SOC 327: Frontiers of Social Psychology

Advanced topics, current developments, theory, and empirical research. Possible topics include social identity processes, status beliefs and processes, social exchange, affect and social cohesion, legitimacy, social difference and inequality, norms, and social dilemmas.
| Repeatable for credit

SOC 331: The Conduct of Qualitative Inquiry (EDUC 327A)

Two quarter sequence for doctoral students to engage in research that anticipates, is a pilot study for, or feeds into their dissertations. Prior approval for dissertation study not required. Students engage in common research processes including: developing interview questions; interviewing; coding, analyzing, and interpreting data; theorizing; and writing up results. Participant observation as needed. Preference to students who intend to enroll in 327C.

SOC 334: Research Seminar on Access to Justice (SOC 234)

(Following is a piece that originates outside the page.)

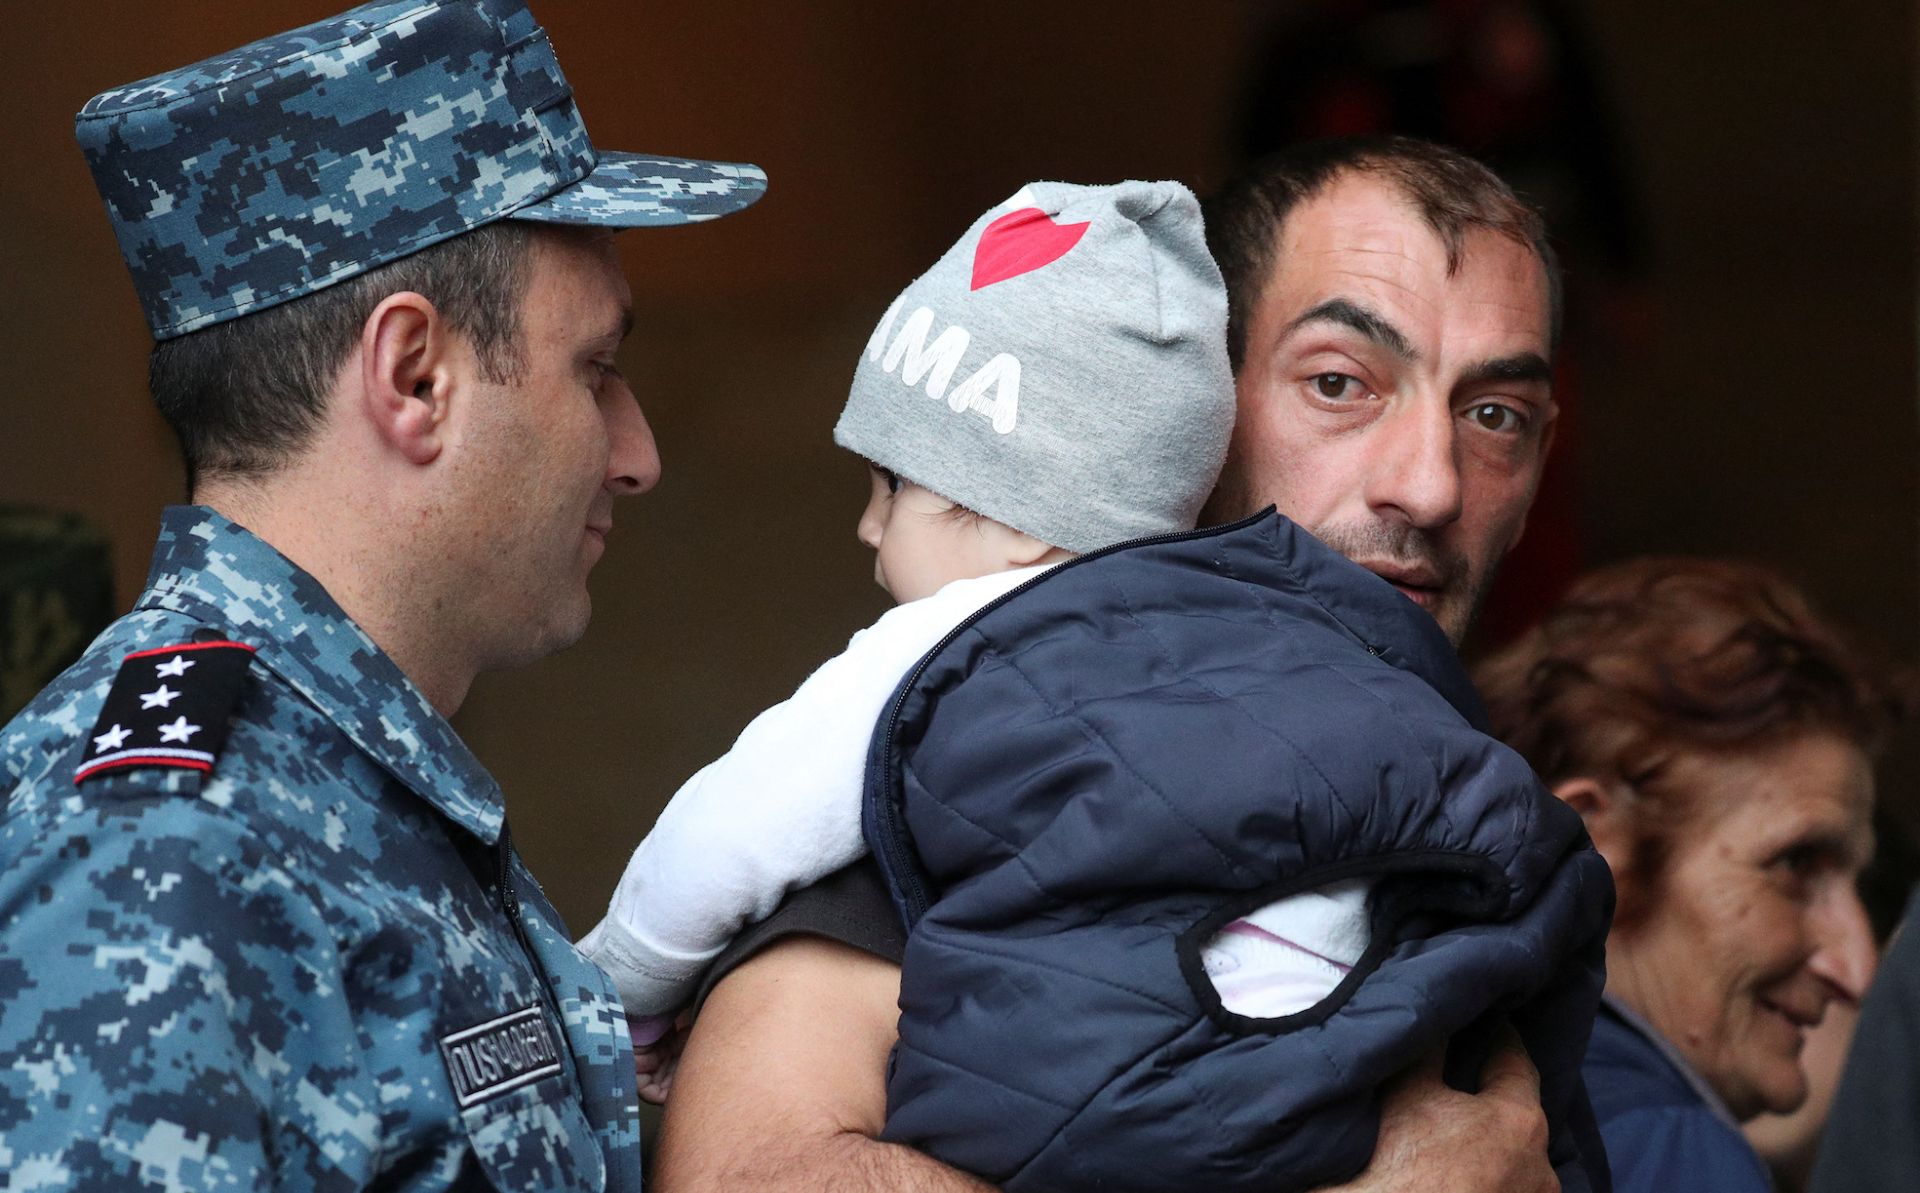 Եվրամիությունը կոչ է անում Ադրբեջանին ապահովել Ղարաբաղի հայերի մարդու իրավունքներն ու անվտանգությունը

The functions and dysfunctions of modern legal systems. Topics include: official statements of the U.S. and the EU about the rights of parties to civil disputes; the roles of lawyers as gatekeepers and facilitators; the filtering process by which injuries and experiences become the basis for legal claims; access to and use of courts; the balance of power and advantage between individual persons and organizations in disputes. Prerequisite: advanced undergraduate or graduate standing, or consent of instructor.

SOC 336: Sociology of Law

Sociological examination of law as a mechanism of social regulation and as a field of knowledge. Explores classical and contemporary theoretical and empirical contributions to the sociology of law. Law and social control, law and social change, social reality of the law, the profession and practice of law, legal mobilization, and the influence of race, gender, and social status in legal decisions and processes.